— Data extract —
═══

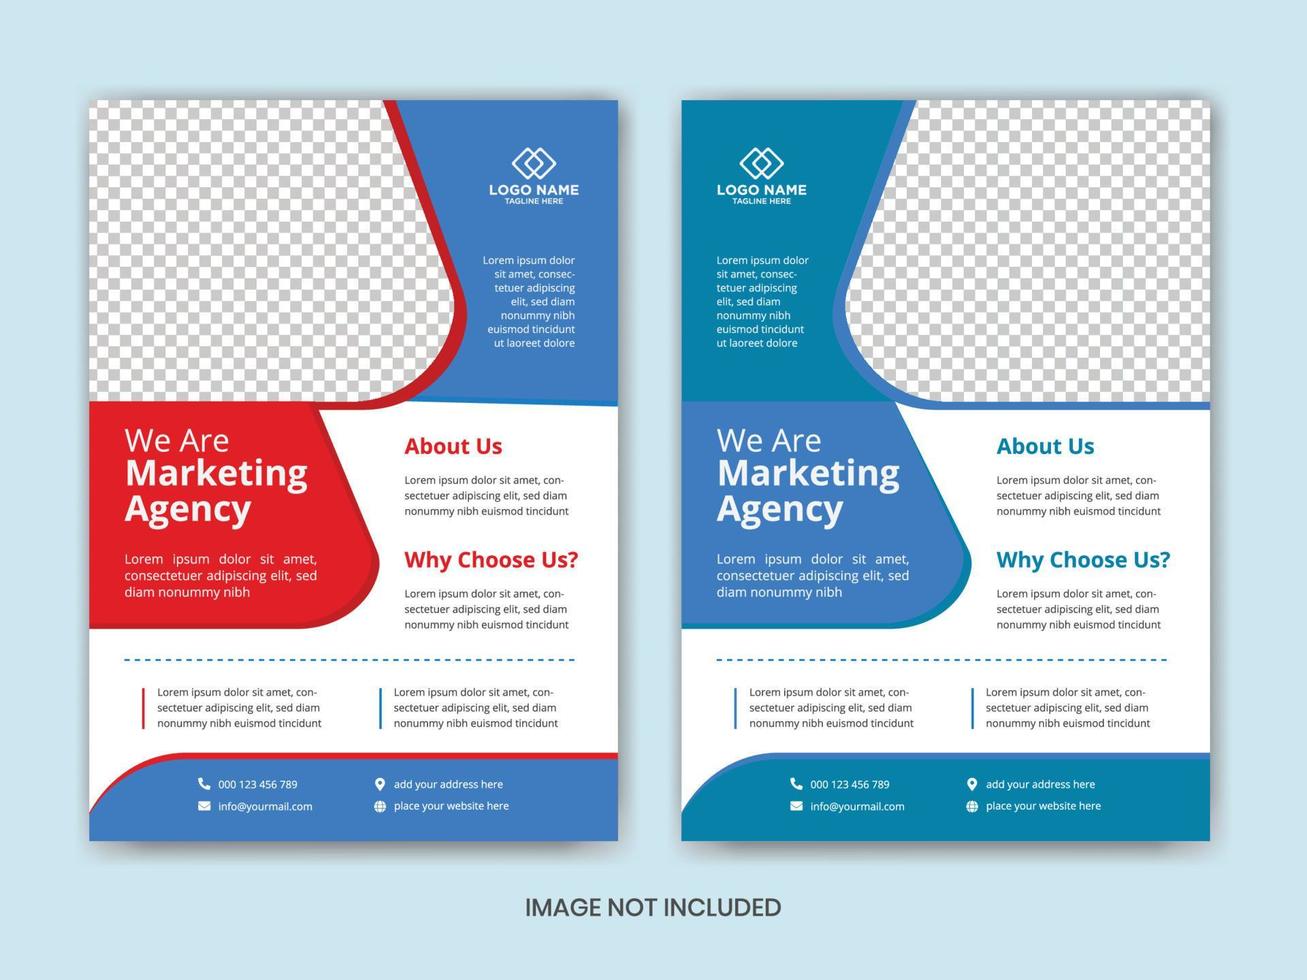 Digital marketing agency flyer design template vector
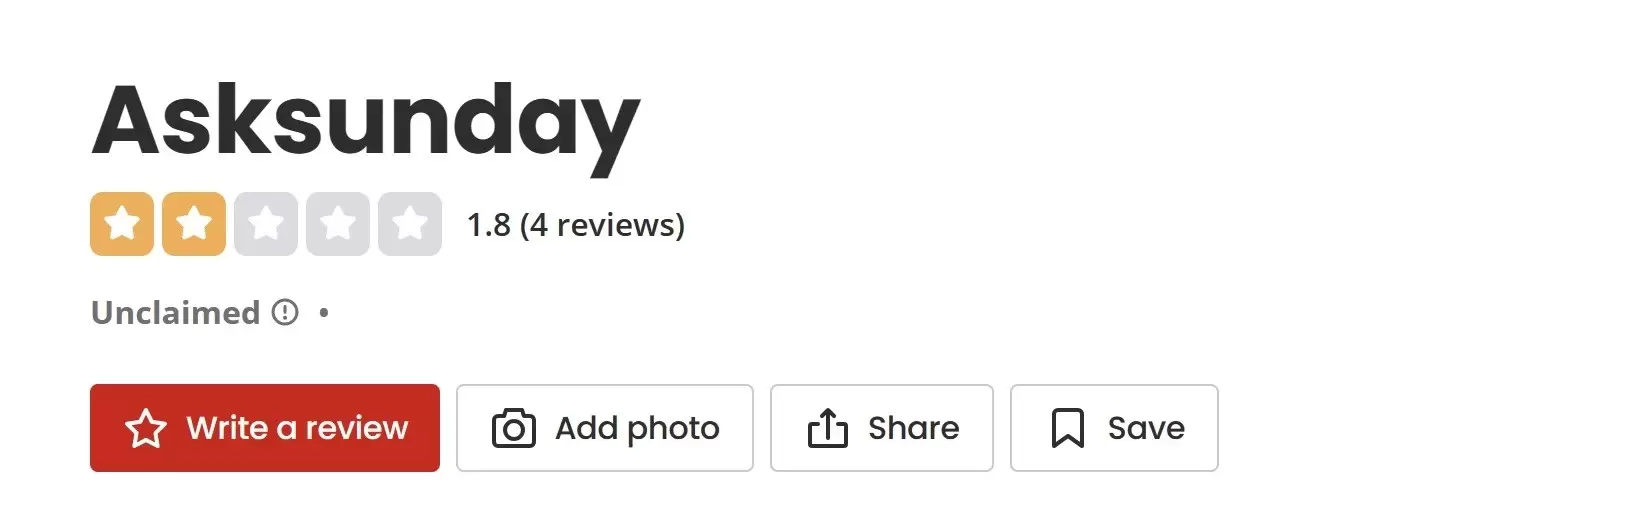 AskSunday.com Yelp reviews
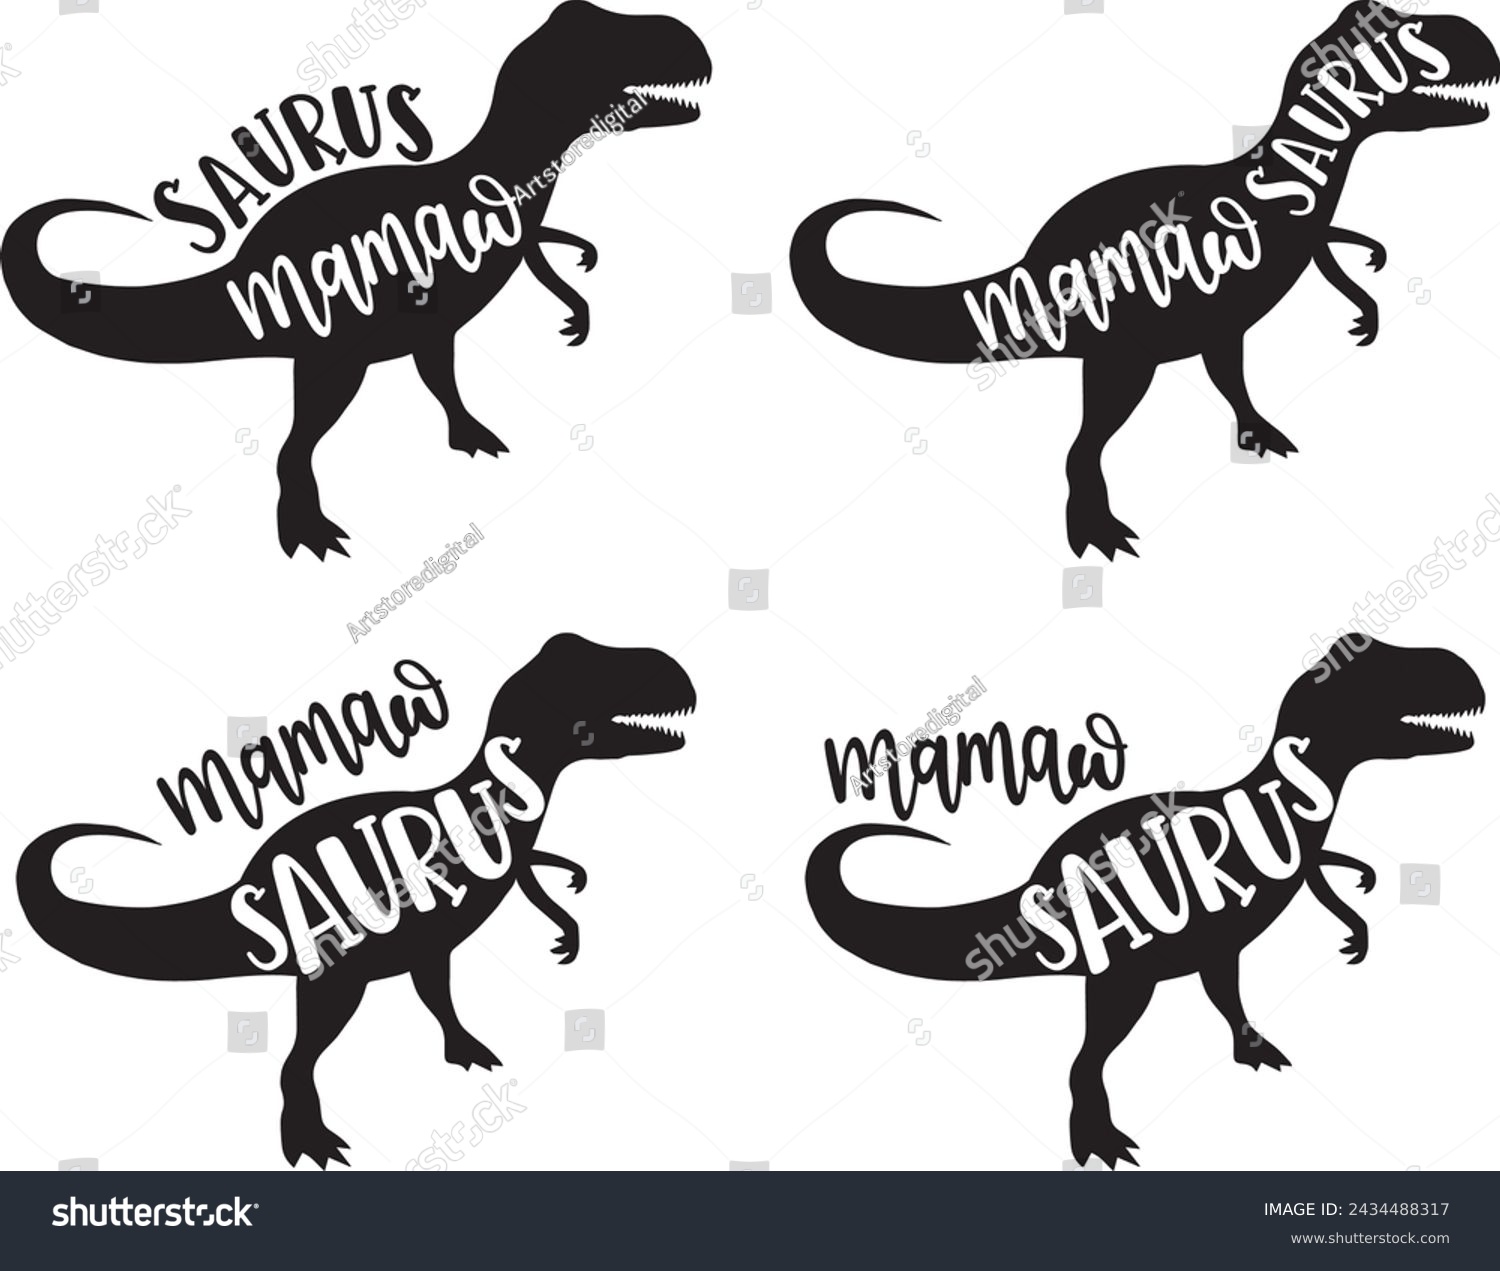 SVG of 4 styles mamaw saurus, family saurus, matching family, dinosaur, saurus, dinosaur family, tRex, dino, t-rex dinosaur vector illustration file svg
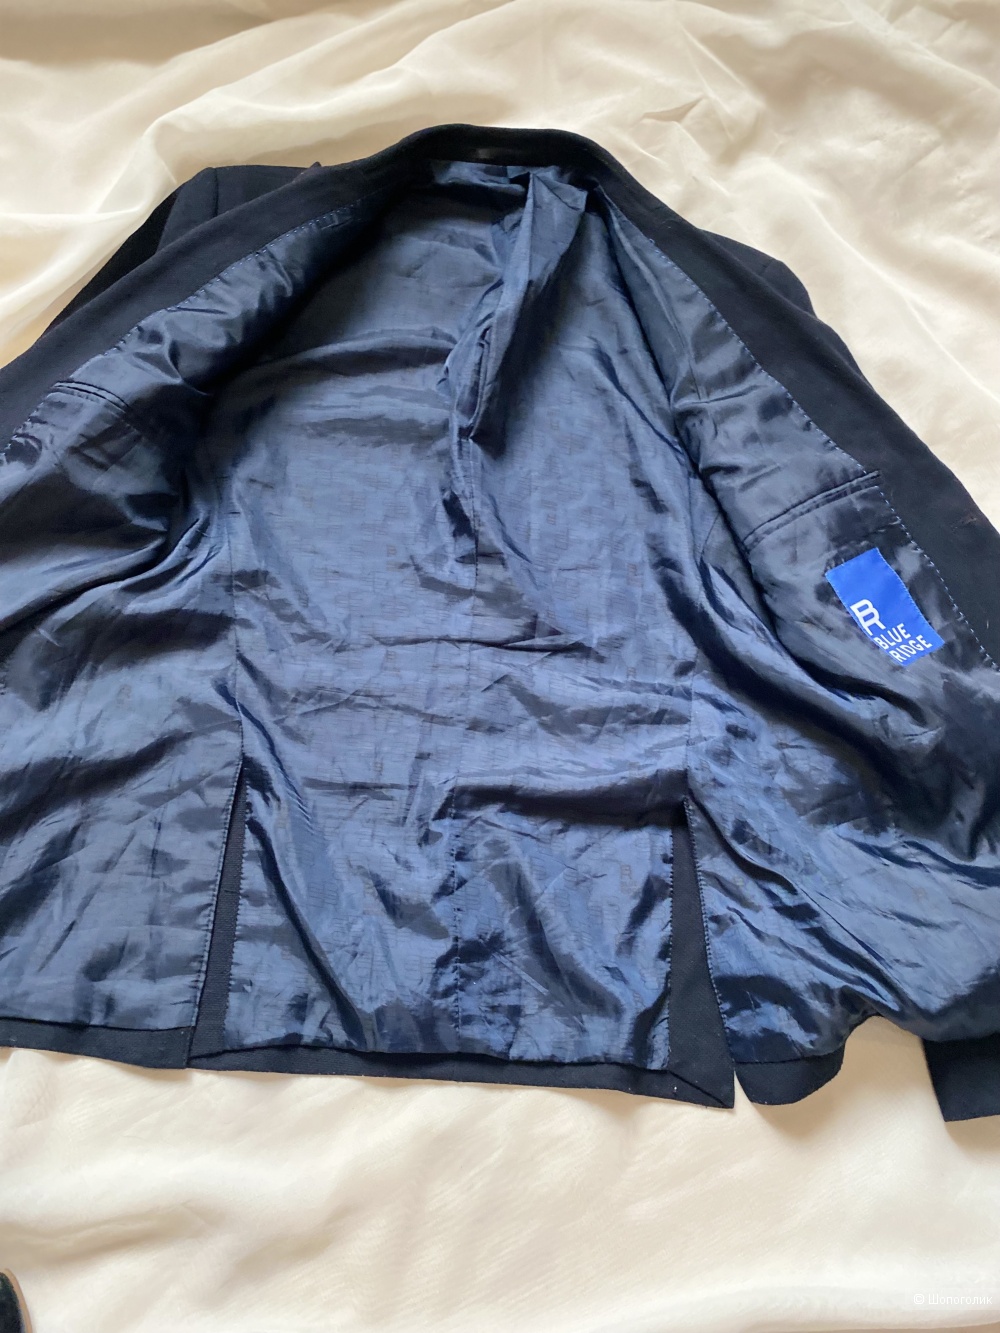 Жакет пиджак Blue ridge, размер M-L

═══

— Exercise details —
Output the material above exactly, without pictures.

— Answer box —
 Digital marketing agency flyer design template vector
 AskSunday.com Yelp reviews
 SVG of 4 styles mamaw saurus, family saurus, matching family, dinosaur, saurus, dinosaur family, tRex, dino, t-rex dinosaur vector illustration file svg
 Жакет пиджак Blue ridge, размер M-L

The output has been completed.